Reputation: 137
Hi I am trying to run a long sparkjob that often fails due to StackoverflowError. The job reads a parquetfile and creates an rdd in a foreach loop. After doing some research I thought creating a checkpoint for each rdd would help me solve my memory issues. (I have tried different memory, overhead memory, paralellism, repartition and found the most working settings for the job, however sometimes it still fails depending on the load on our cluster.)
Now to my real issue. I am trying to create checkpoints, by first reading in the parquet creating an RDD, then caching it, running checkpoint function and then calling the action first to make the checkpoint happen. No checkpoints are created in the path that I have specified and it the YARN UI it says that stage is skipped. Can anyone help me understand the problem :)
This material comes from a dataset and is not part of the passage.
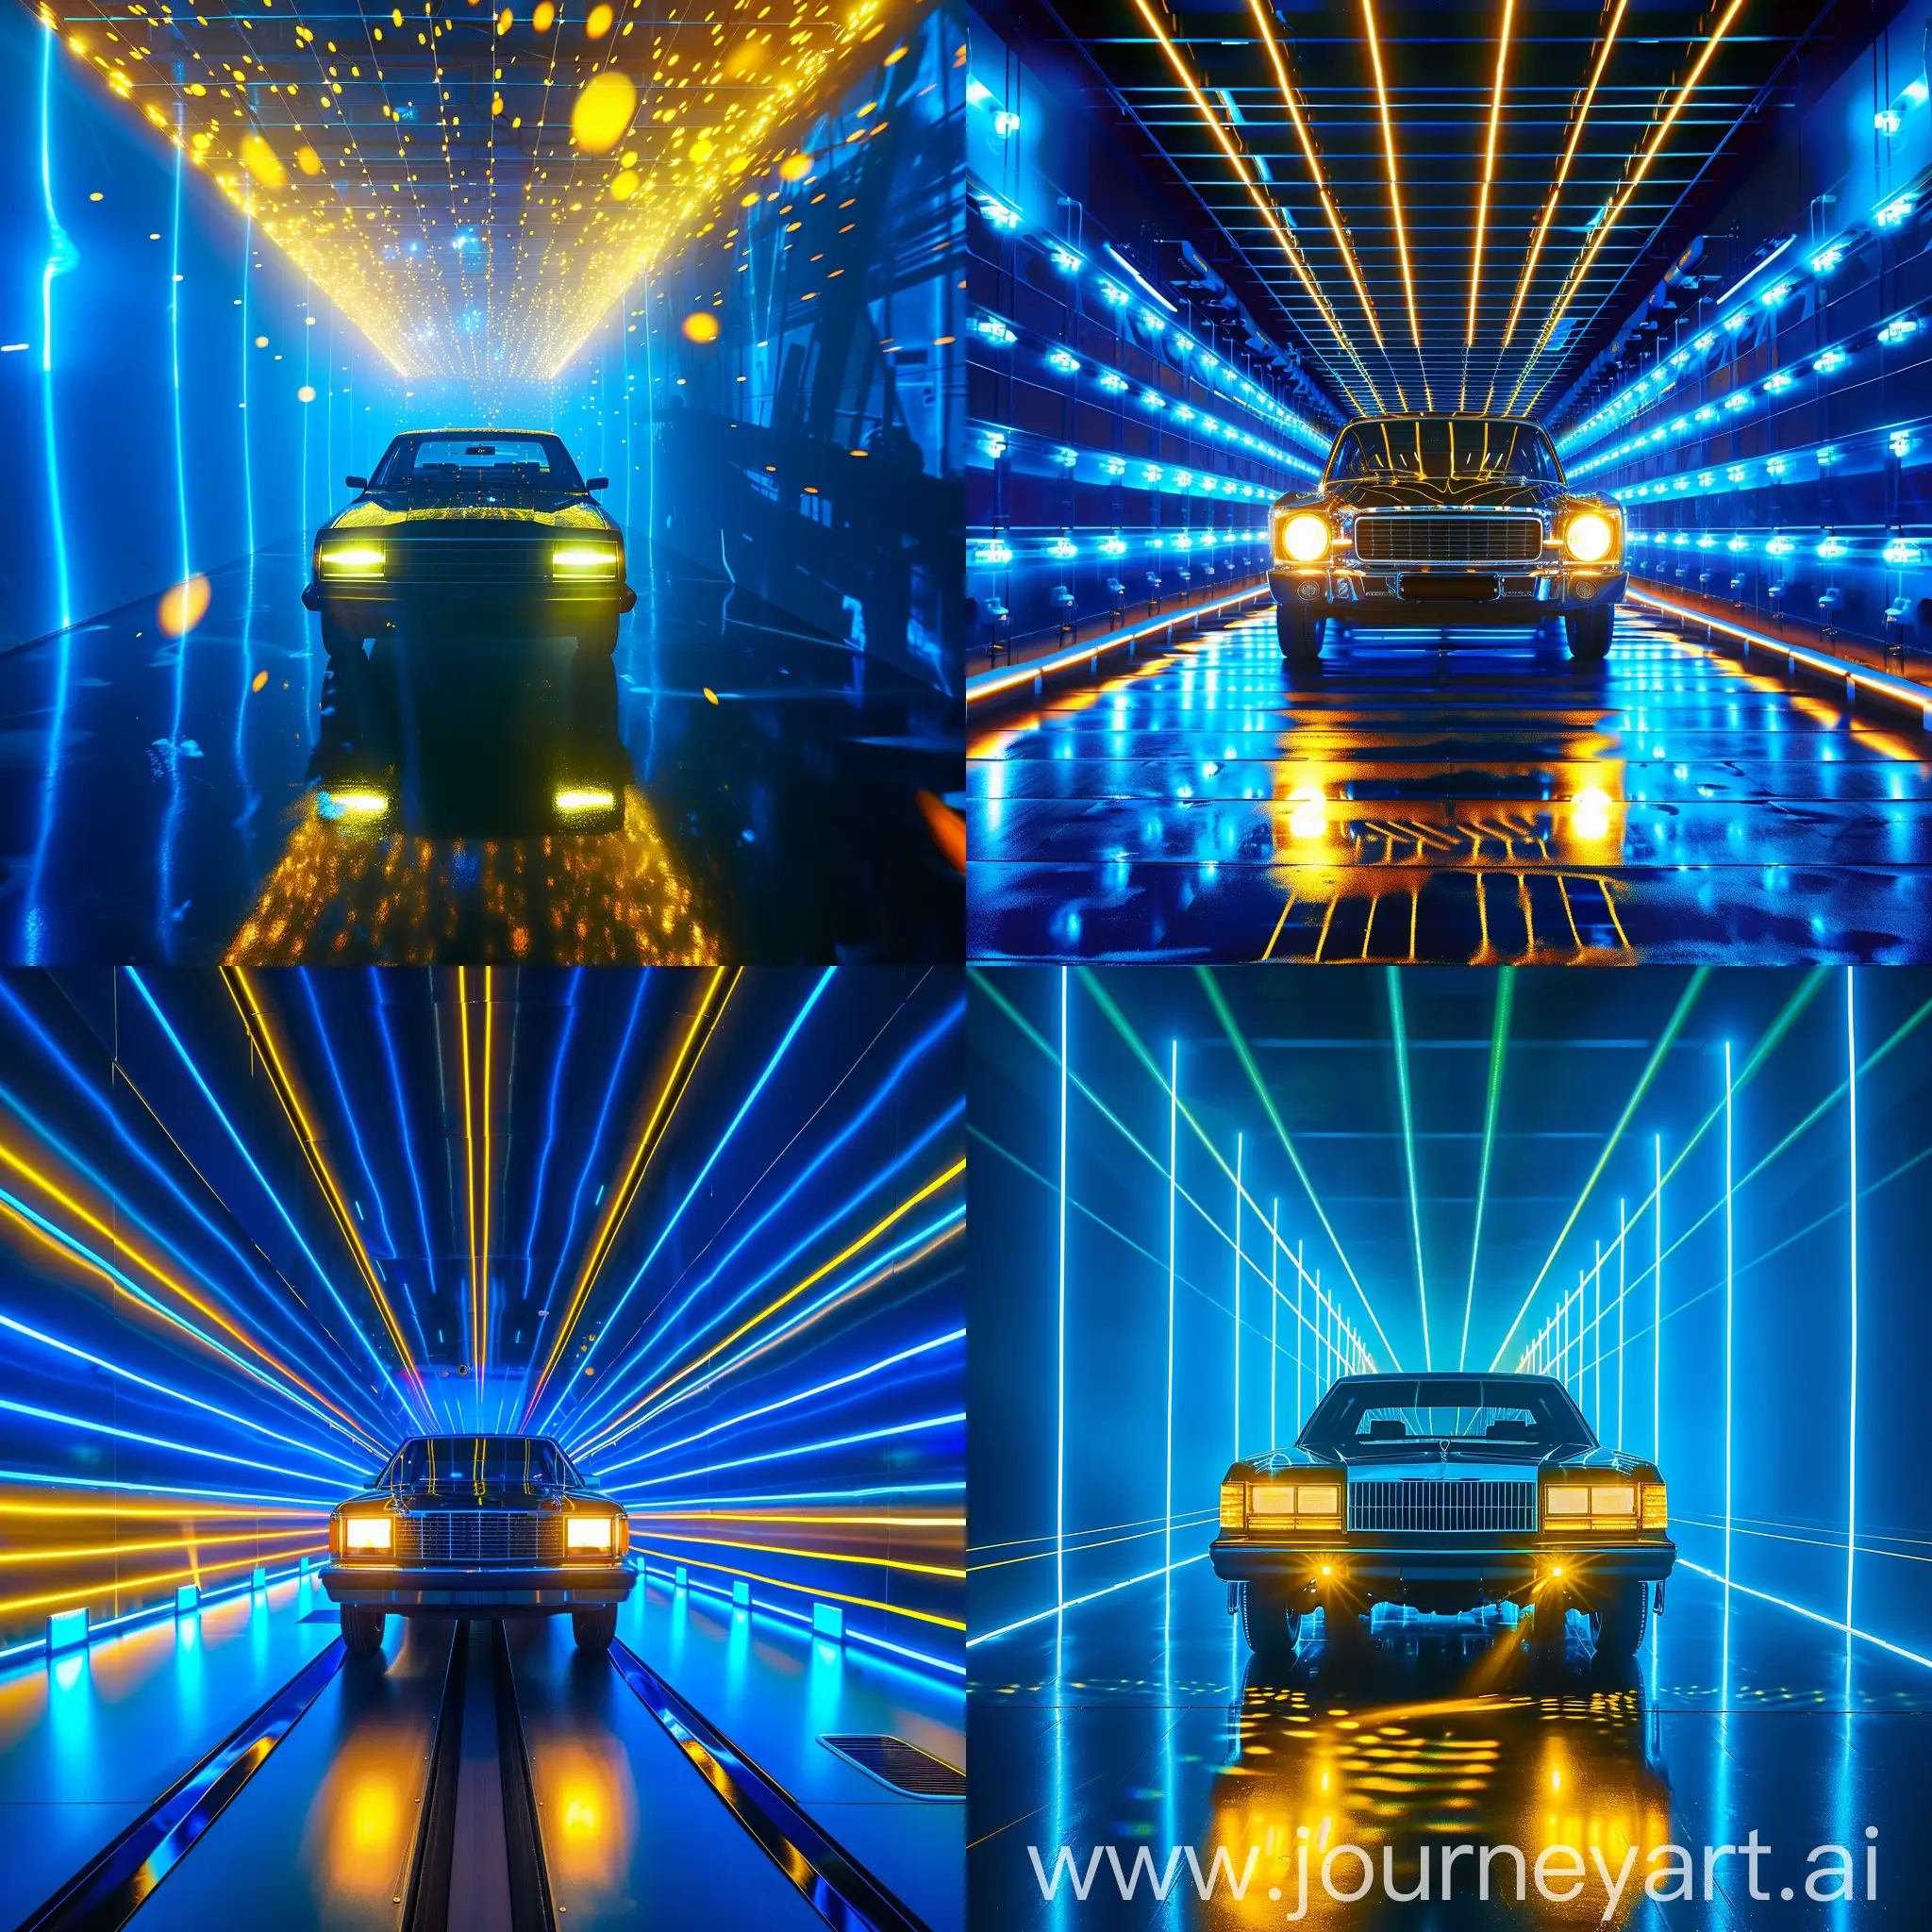 یک فضای نورانی با نور های آبی و زرد و وجود داشتن یک ماشین شاسی بلند که چرا های آن روشن است

ctx.getSparkContext().setCheckpointDir("/tmp/checkpoints");
public static void writeHhidToCouchbase(DataFrameContext ctx, List<String> filePathsStrings) {
filePathsStrings
.forEach(filePath -> {
JavaPairRDD<String, String> rdd =
UidHhidPerDay.getParquetFromPath(ctx, filePath);
rdd.cache();
rdd.checkpoint();
rdd.first();
rdd.foreachPartition(p -> {
CrumbsClient client = getClient();
p.forEachRemaining(uids -> {
Crumbs crumbs = client.getAsync(uids._1)
.timeout(10, TimeUnit.SECONDS)
.toBlocking()
.first();
String hHid = uids._2;
if (hHid != null) {
crumbs.getOrCreateSingletonCrumb(HouseholdCrumb.class).setHouseholdId(hHid);
client.putSync(crumbs);
}
});
client.shutdown();
});
});
}
The checkpoint is created once in the first iteration but never again. KR
Upvotes: 3
Views: 1593
Reputation: 137
My mistake the partitions are actually created. The "first" partition that I mentioned above is a directory with the partitions inside. Because of a directory name like 8f987639-d5c8-46b8-a1e0-37081f9f8e00 I became confused. However looking into the lineage comment from @ImDarrenG gave me some more insights. I created a new repartitioned RDD from the first one that I cache and checkpoint. This gave made the application more stabile with no failures.
JavaPairRDD<String, String> rdd =
UidHhidPerDay.getParquetFromPath(ctx, filePath);
rdd.cache();
rdd.checkpoint();
rdd.first();
JavaPairRDD<String, String> rddToCompute = rdd.repartition(72);
rddToCompute.foreachPartition...
Upvotes: 1